In order to determine which model is better suited for our panel data, we build a hypothesis test to determine the best model.
Let us consider:
Null Hypothesis H0 : Random effects model is better than Fixed effects model.
Alternative Hypothesis H1: Fixed effects model is better than Random effects model.
- We perform a Hausman test to validate our hypothesis.
Hausman Test
data: allmort ~ beertax + aidall + unrate + perinc + allnite + pop1517 + ...

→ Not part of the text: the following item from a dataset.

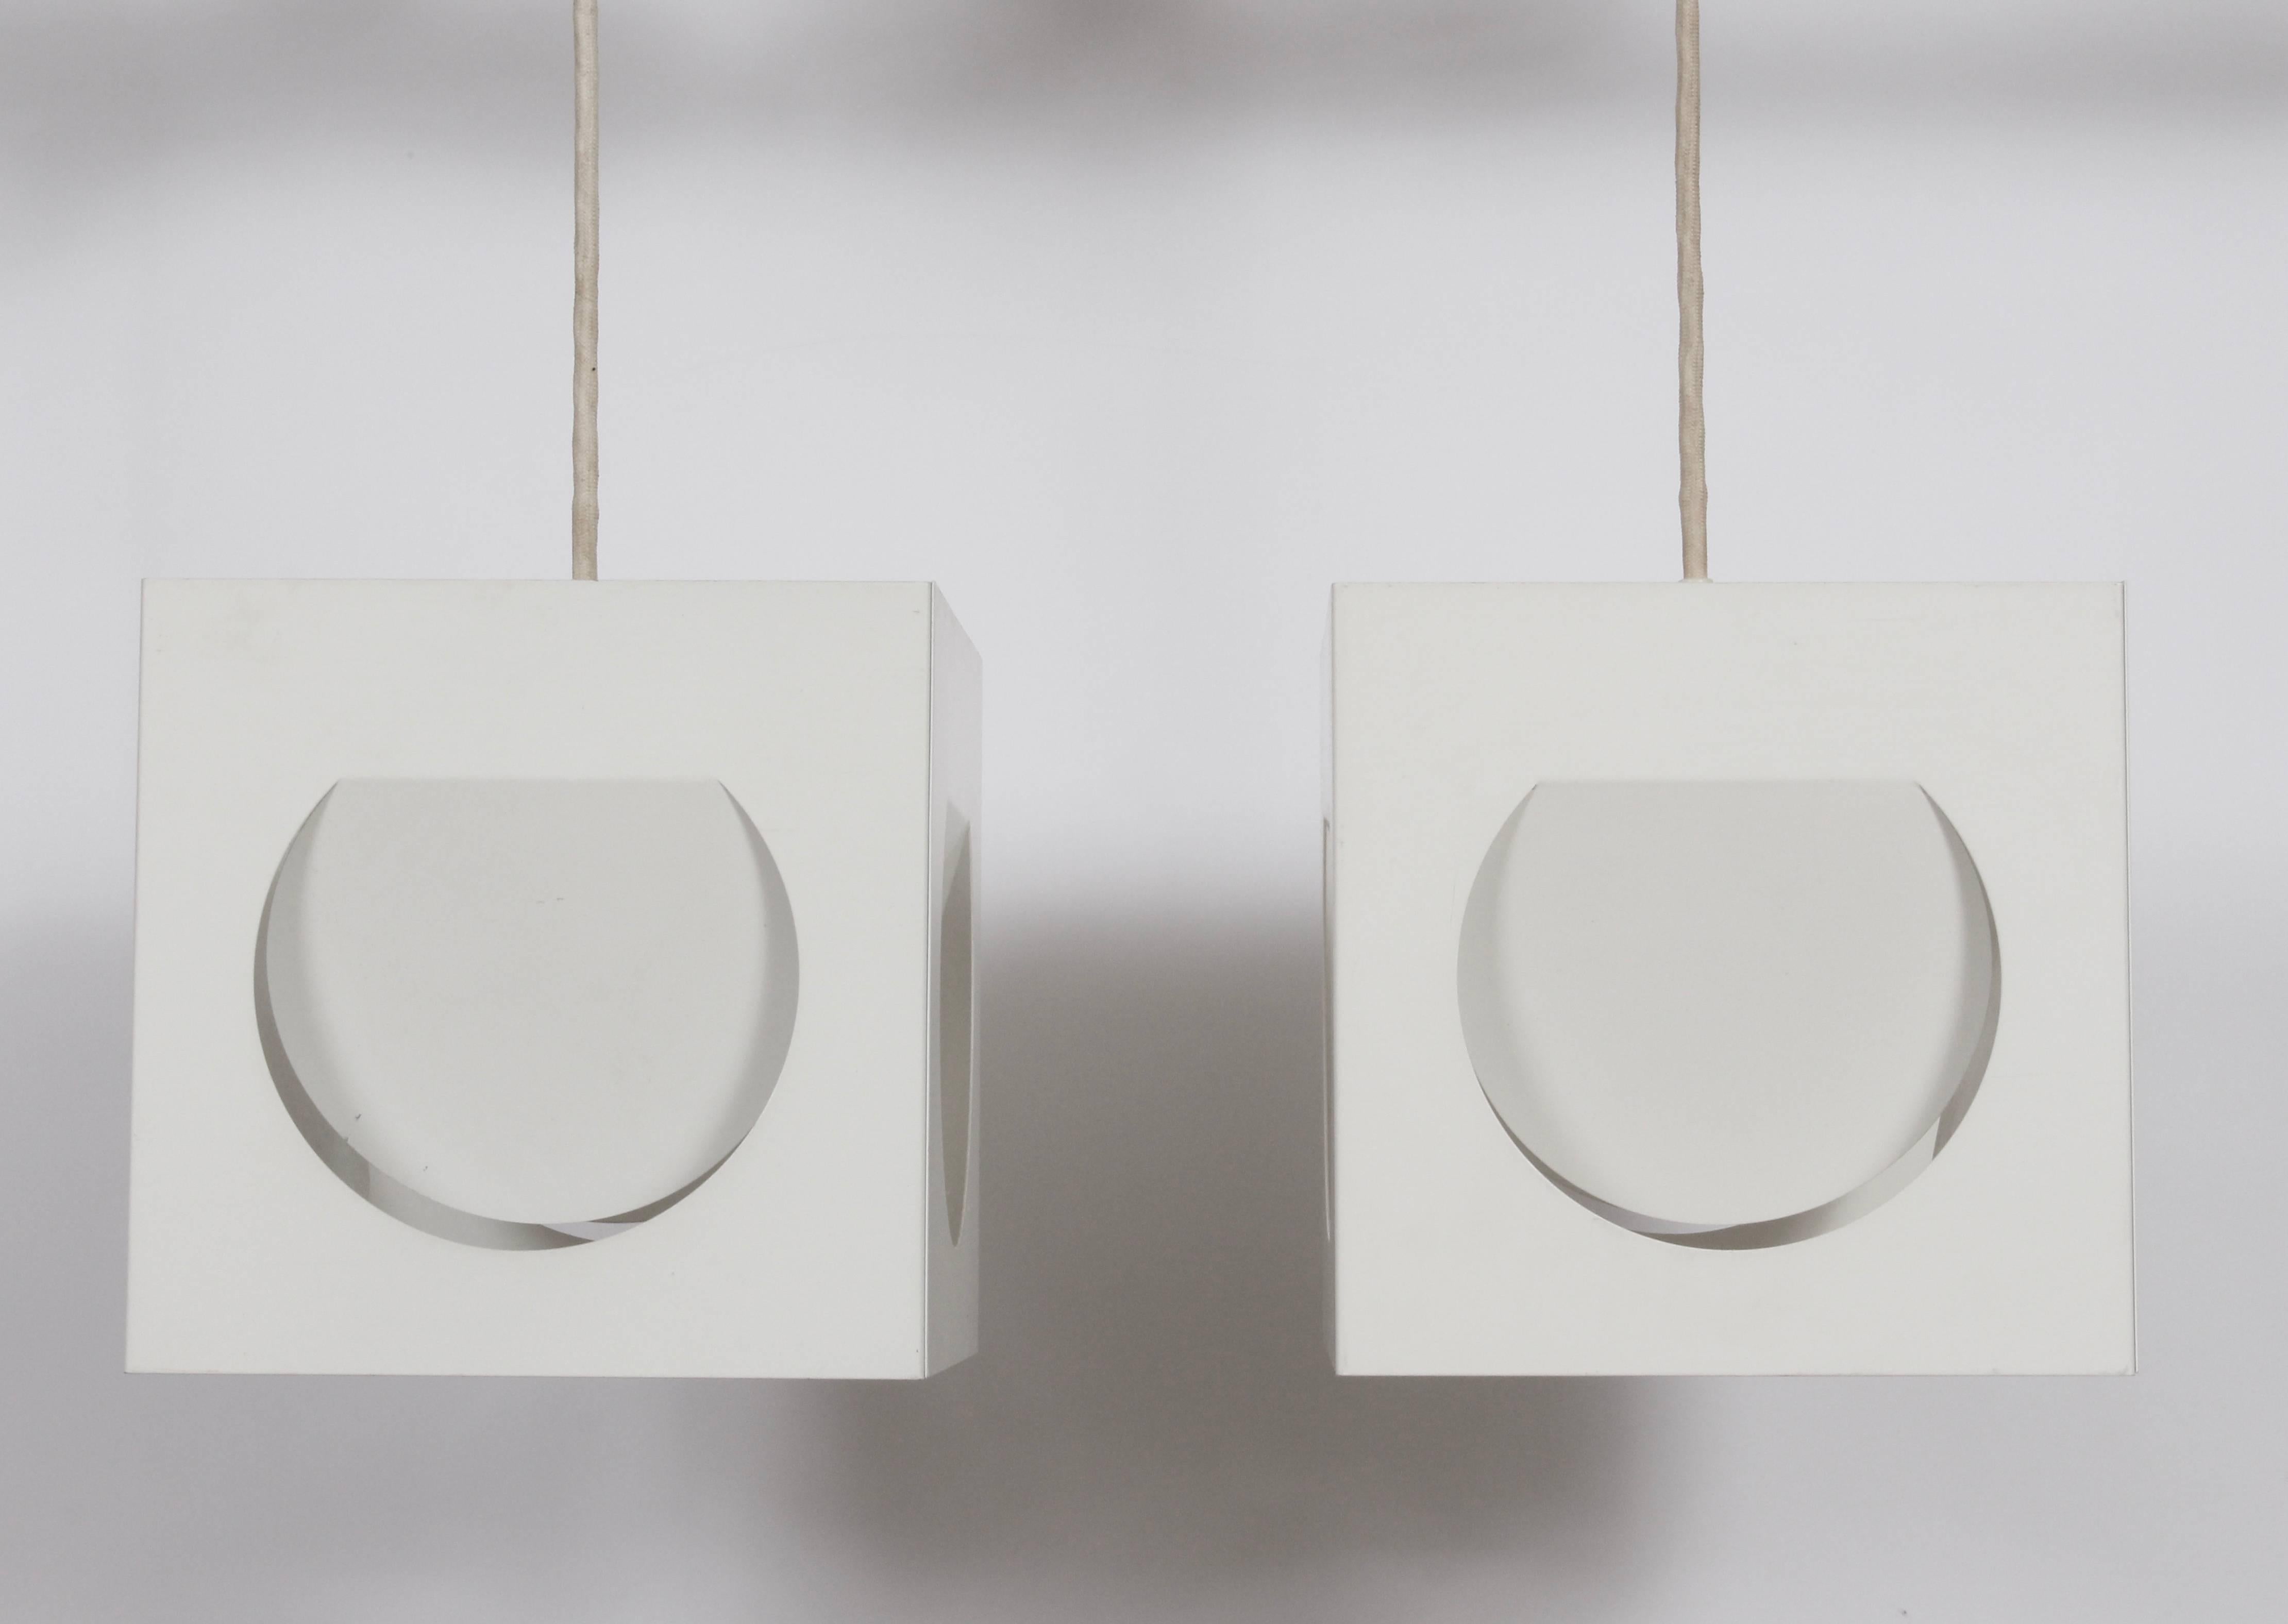 Pair of Shogo Suzuki for Stockmann Orno White Metal Cube Hanging Lamps, 1960s For Sale 1

chisq = 201.76, df = 7, p-value < 2.2e-16
alternative hypothesis: one model is inconsistent
From Hausman test we can reject the null hypothesis that Random effects model is better and consider to go with Fixed effects model
The data we have is only for 7 years which is far less when compared to the history of evolution of transportation. Some policies might have changed before or after the given years in the data set. This may be a reason why we couldn't find a significance dependency of Vehicle Fatalities on very strong policies like "Beer tax (beertax)". Some states may have more hilly areas which would have accident prone areas resulting in increase of Vehicle Fatalities. Some states may have bad road conditions which may also lead to accidents involving heavy vehicles. We can explain the data more robustly and accurately by including more years of data or some variables like "Road conditions", "Number of Dangerous routes", “Busy roads”.